- [Dataset excerpt]
== == ==

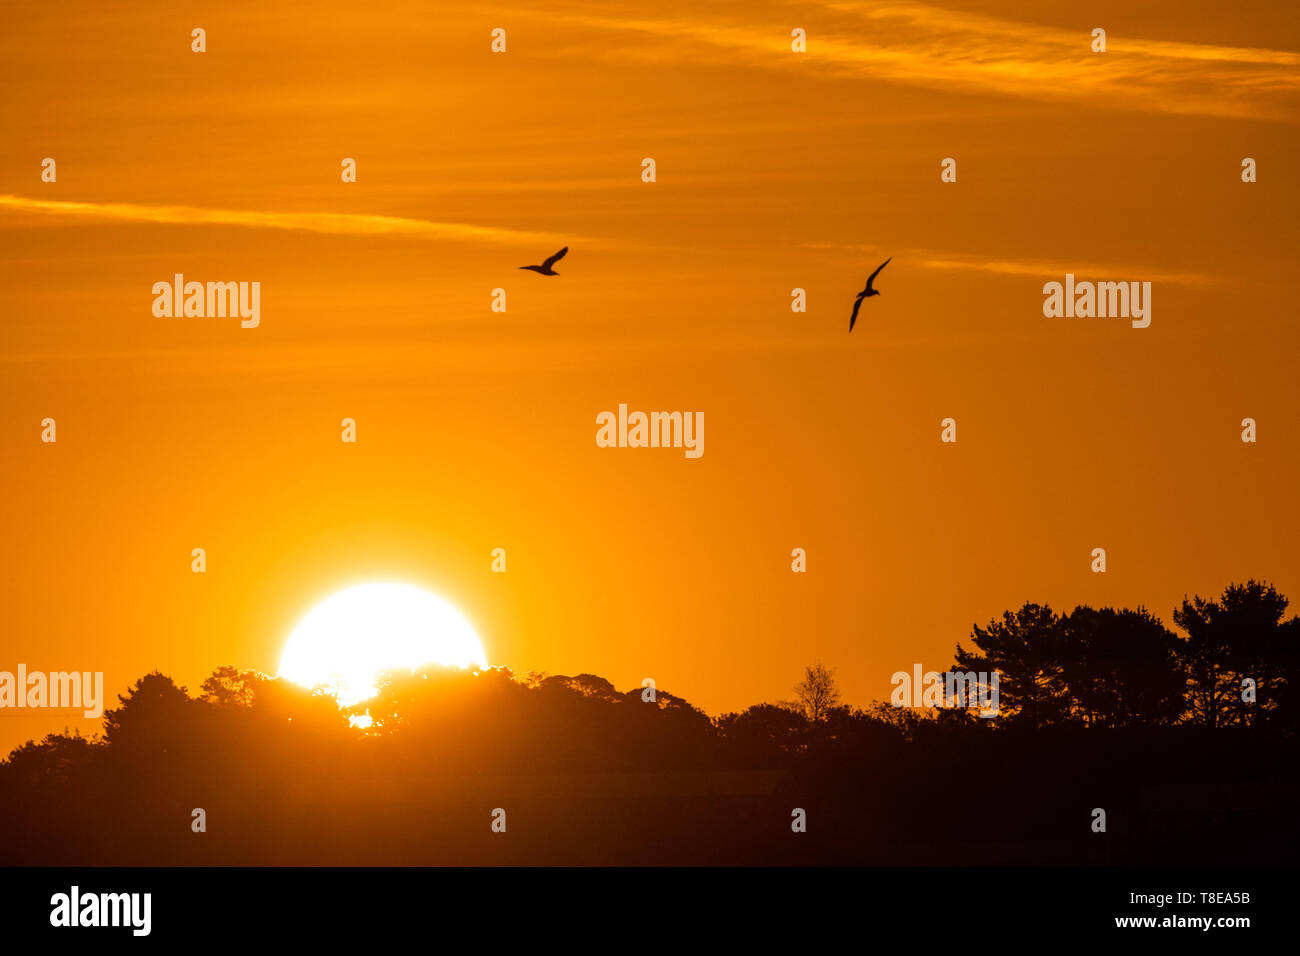 Aberystwyth Wales UK, Monday 13 May 2019  UK Weather: Sunrise over  Aberystwyth on the Cardigan Bay coast, West Wales, at the start  of a day forecast to be with clear blue skies and warm spring sunshine as pressure rises across the country over the coming days  photo credit Keith Morris / Alamy Live News Stock Photo
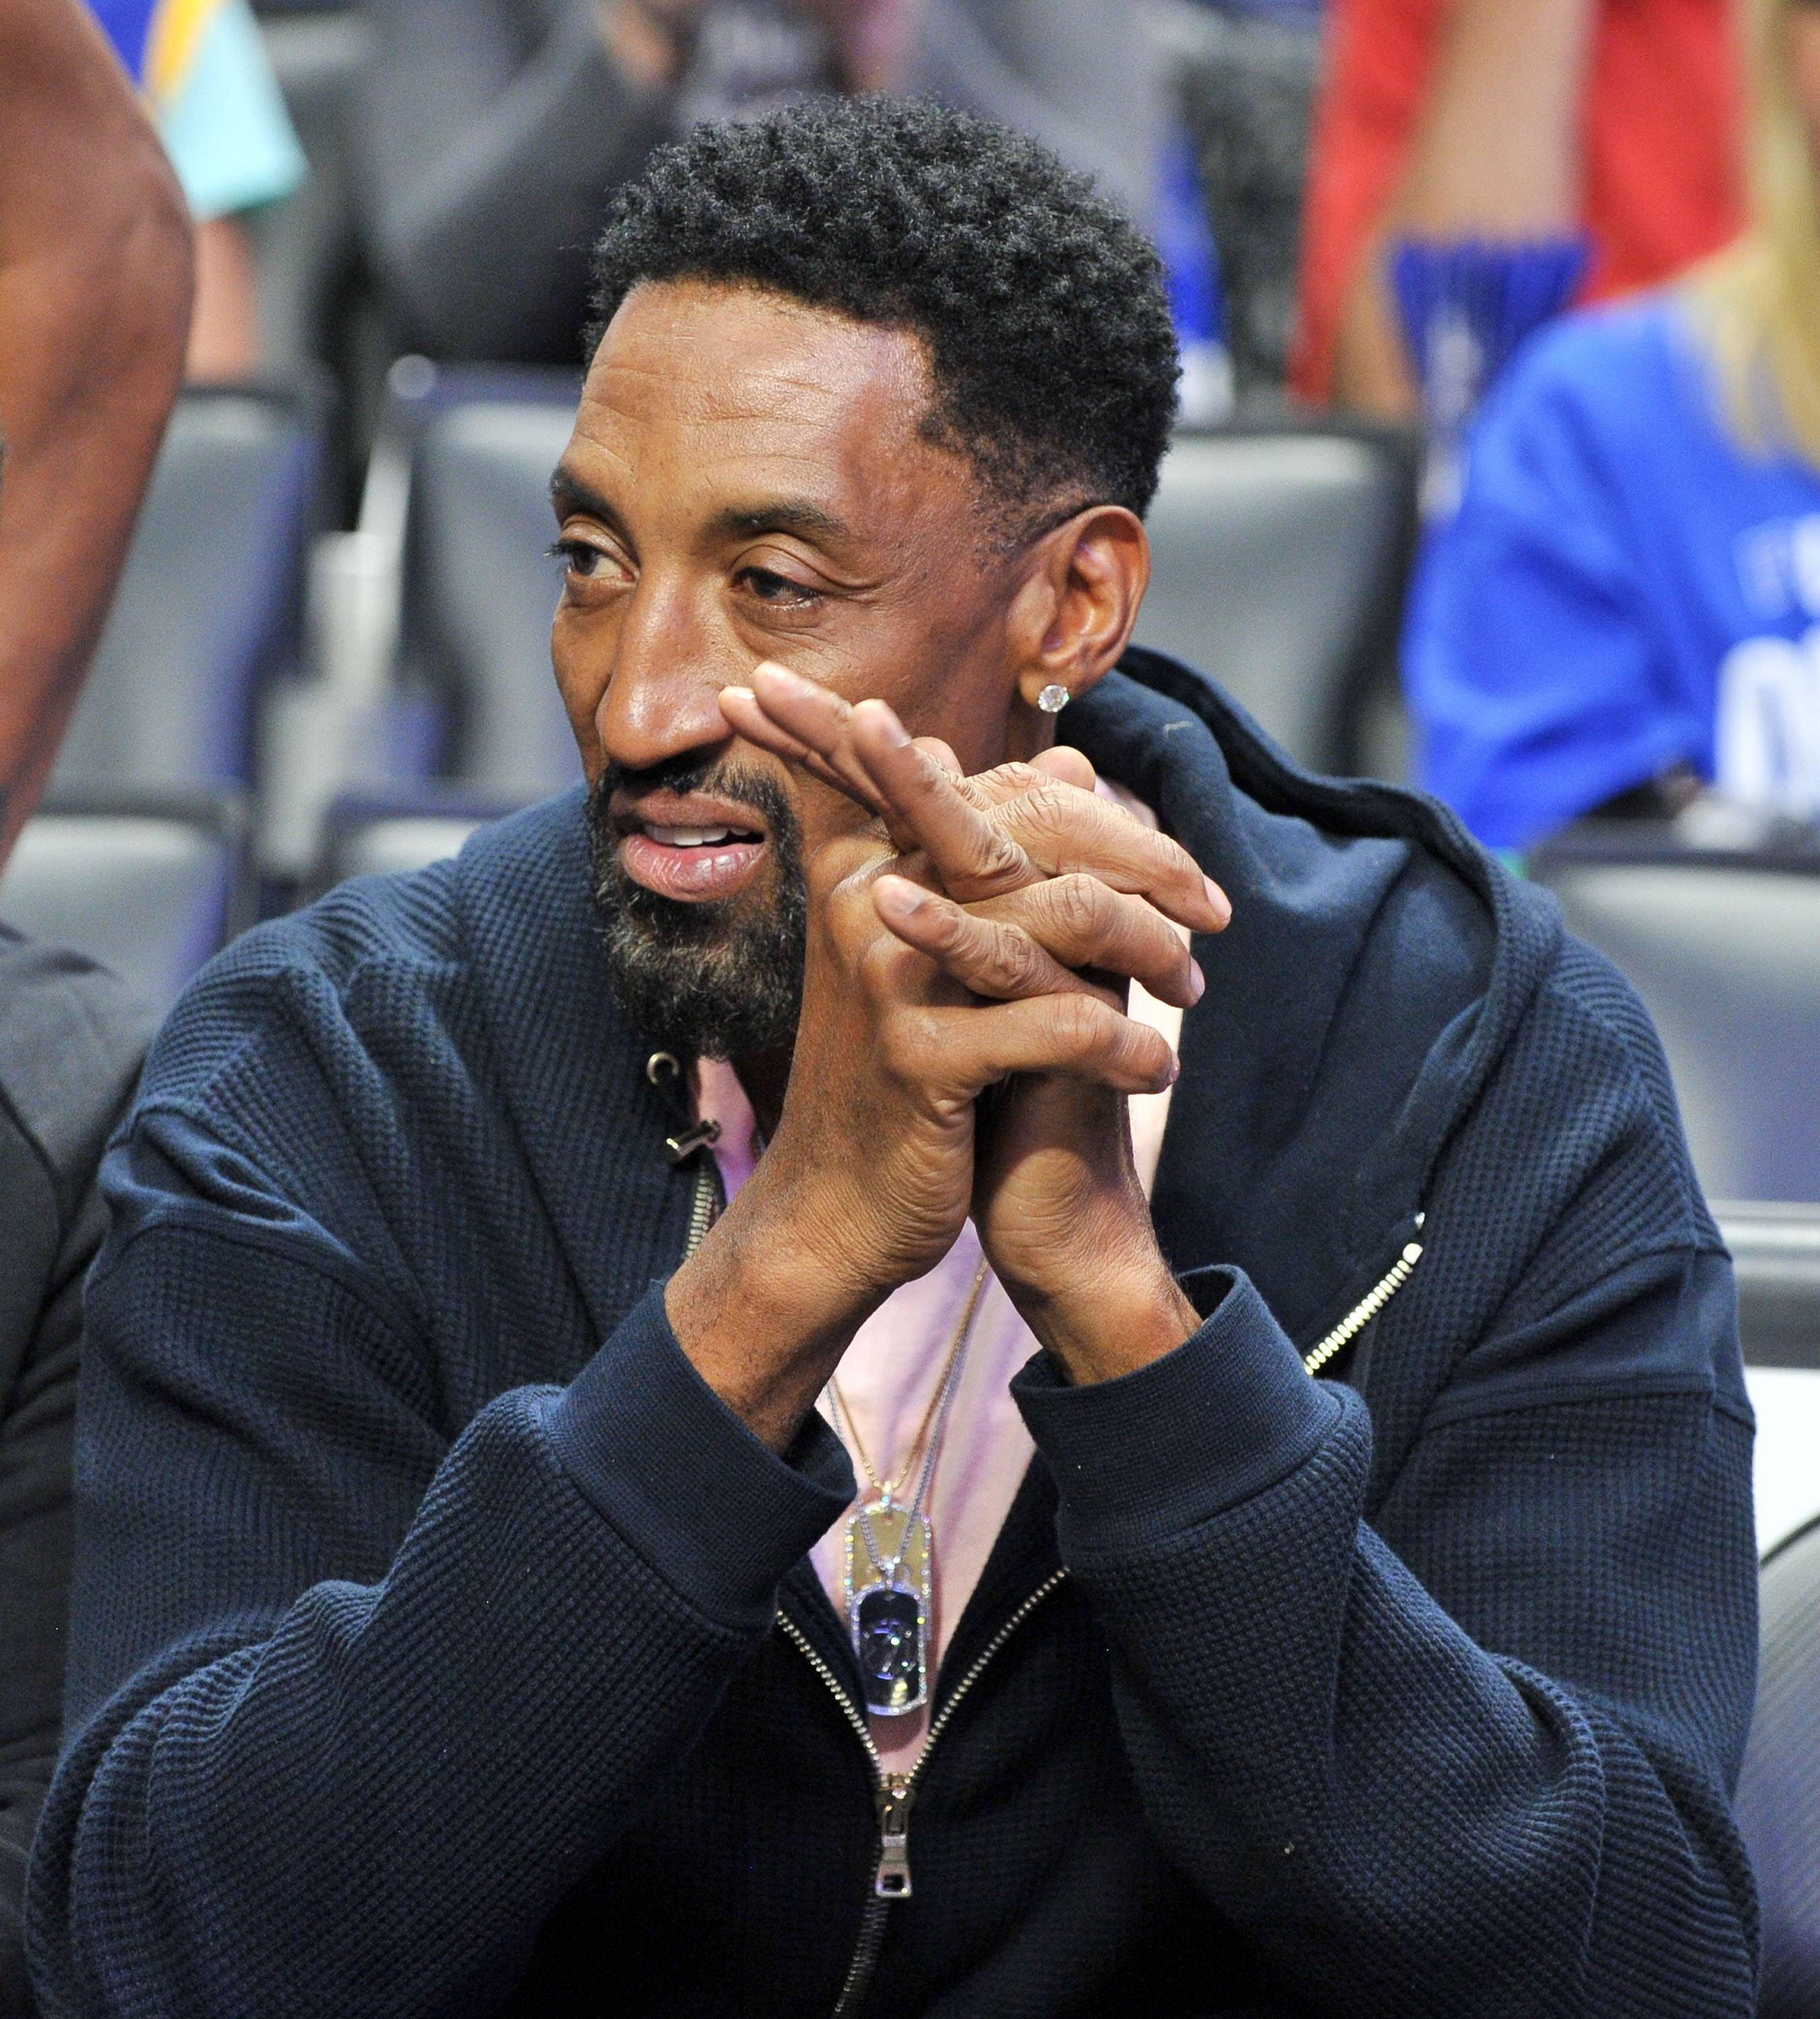 LOS ANGELES, CALIFORNIA - APRIL 18: Scottie Pippen attends an NBA playoffs basketball game between the Los Angeles Clippers and the Golden State Warriors at Staples Center on April 18, 2019 in Los Angeles, California. (Photo by Allen Berezovsky/Getty Images)
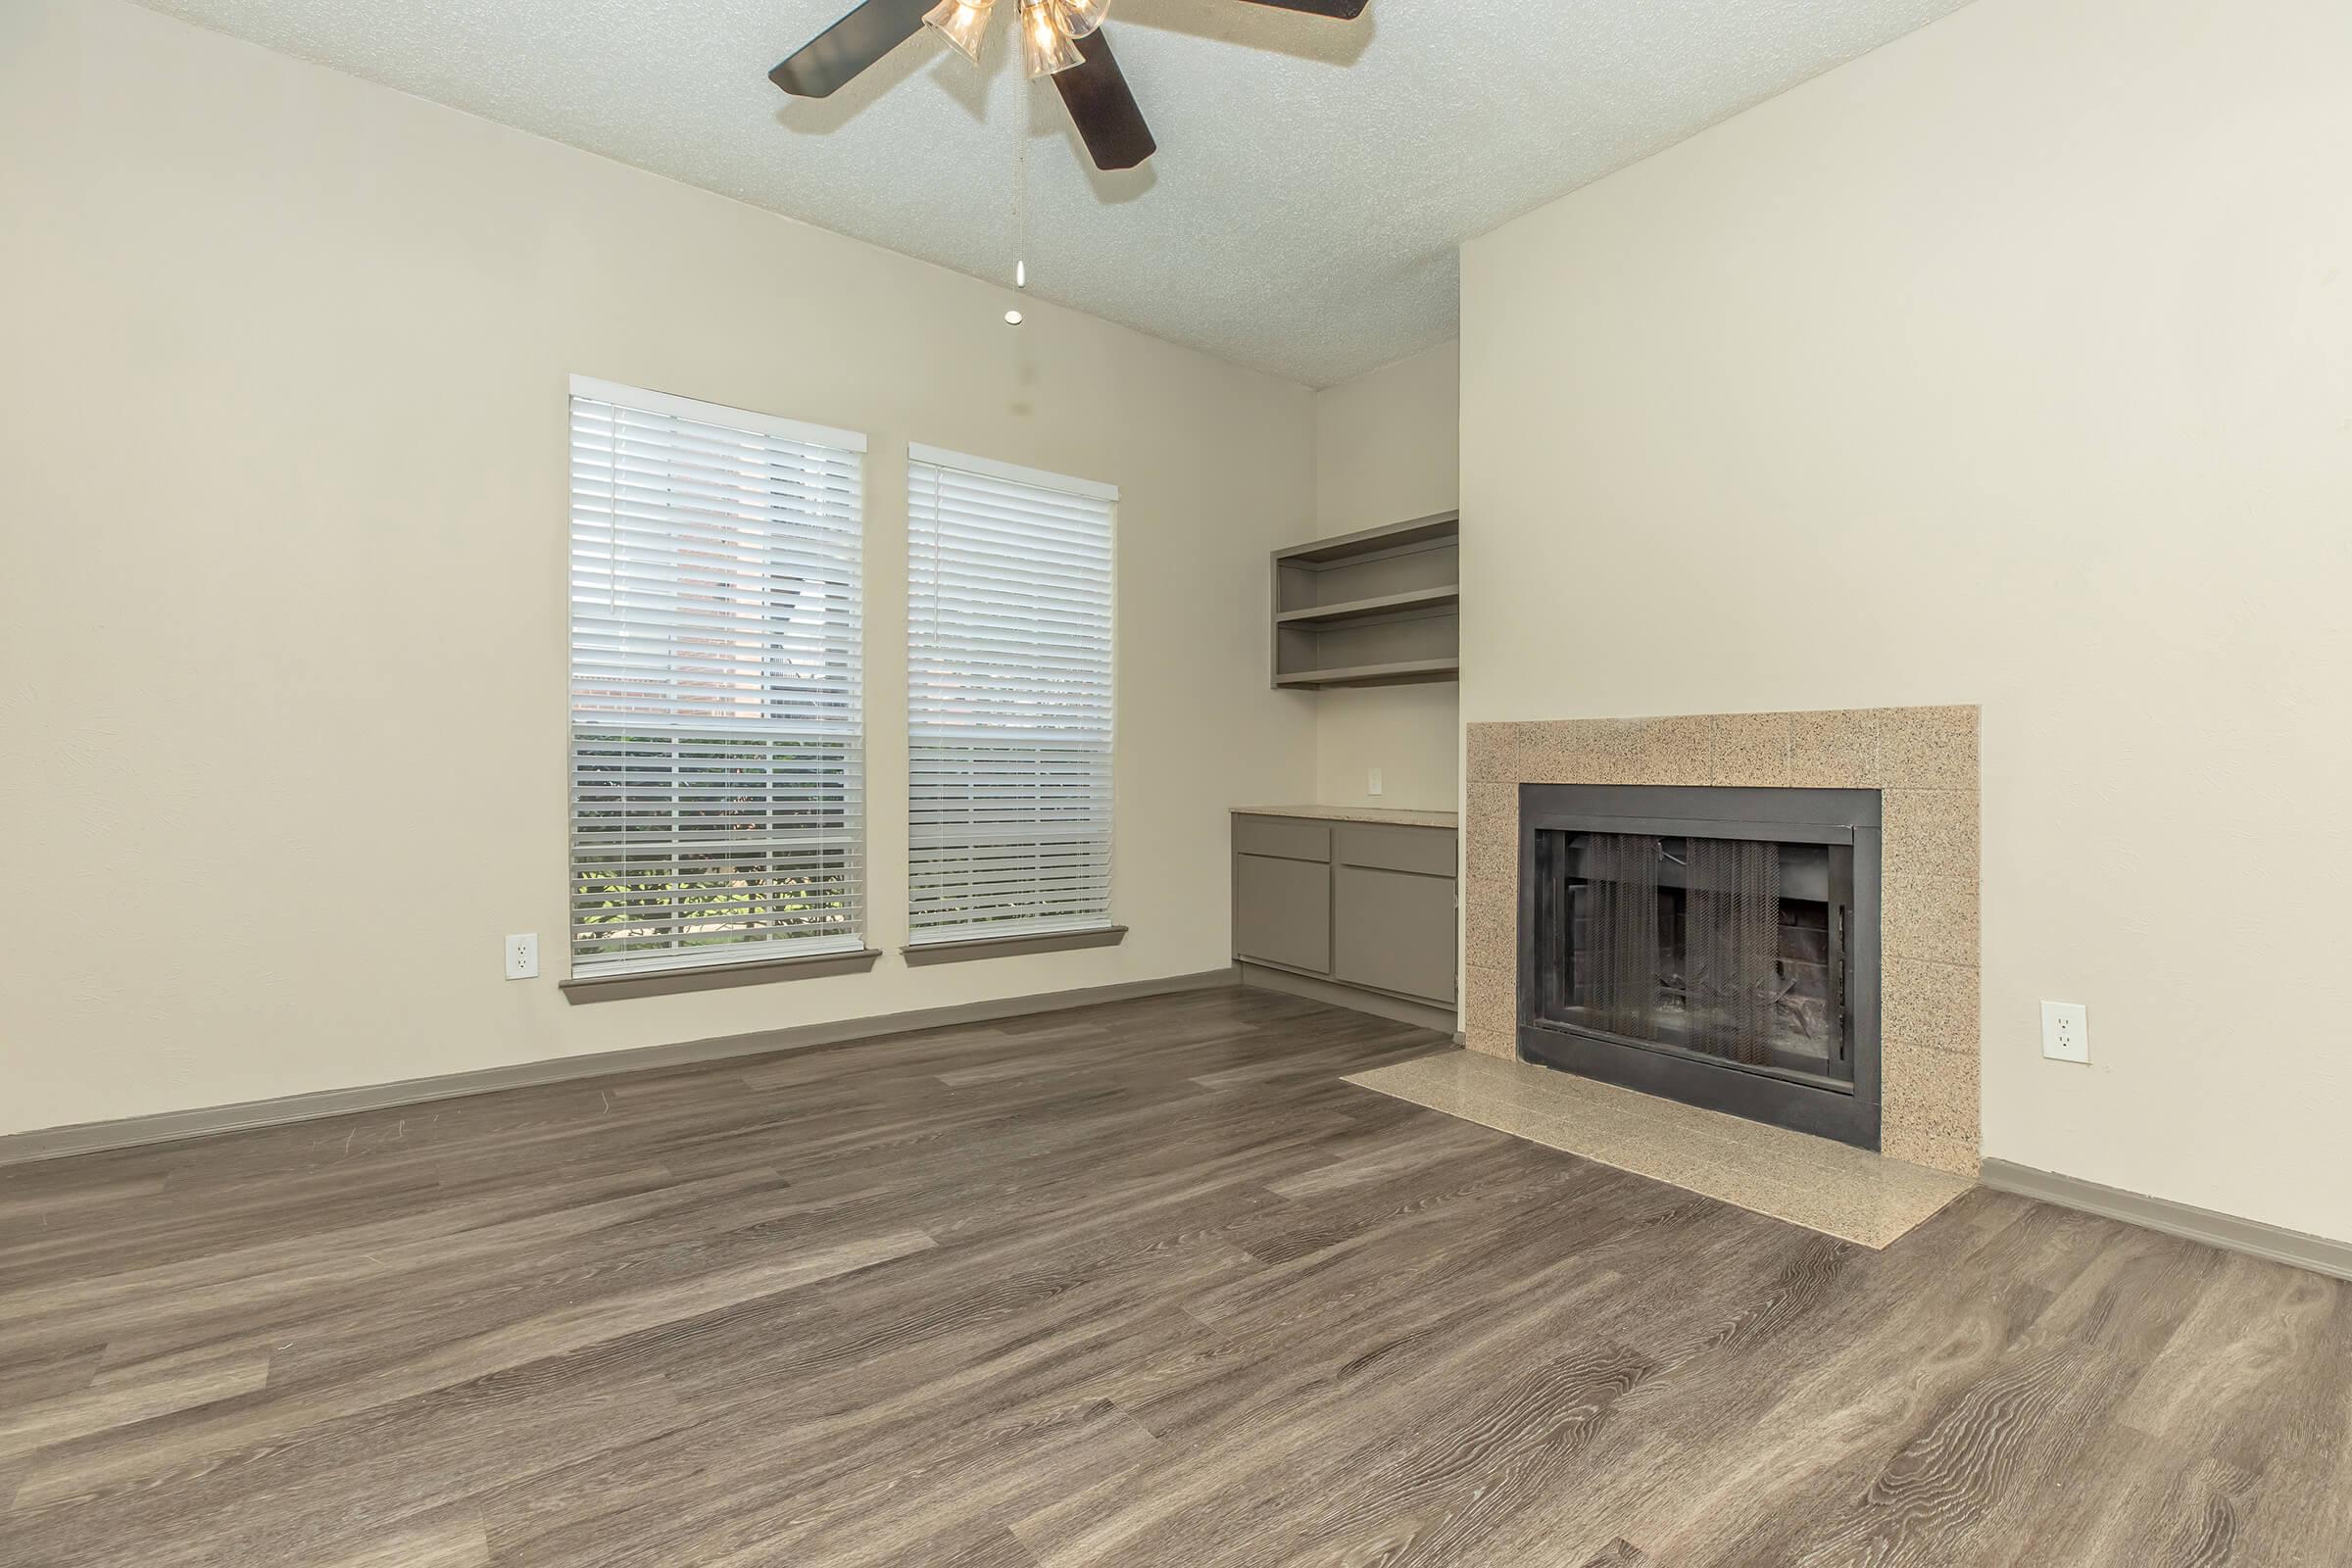 SPACIOUS FLOOR PLANS AT THE VERIDIAN PLACE APARTMENTS

== == ==

- [Problem details]
Your copy of the listing should match it exactly, apart from the pictures, which are left out.

- [The completed task]
 Aberystwyth Wales UK, Monday 13 May 2019  UK Weather: Sunrise over  Aberystwyth on the Cardigan Bay coast, West Wales, at the start  of a day forecast to be with clear blue skies and warm spring sunshine as pressure rises across the country over the coming days  photo credit Keith Morris / Alamy Live News Stock Photo
 LOS ANGELES, CALIFORNIA - APRIL 18: Scottie Pippen attends an NBA playoffs basketball game between the Los Angeles Clippers and the Golden State Warriors at Staples Center on April 18, 2019 in Los Angeles, California. (Photo by Allen Berezovsky/Getty Images)
 SPACIOUS FLOOR PLANS AT THE VERIDIAN PLACE APARTMENTS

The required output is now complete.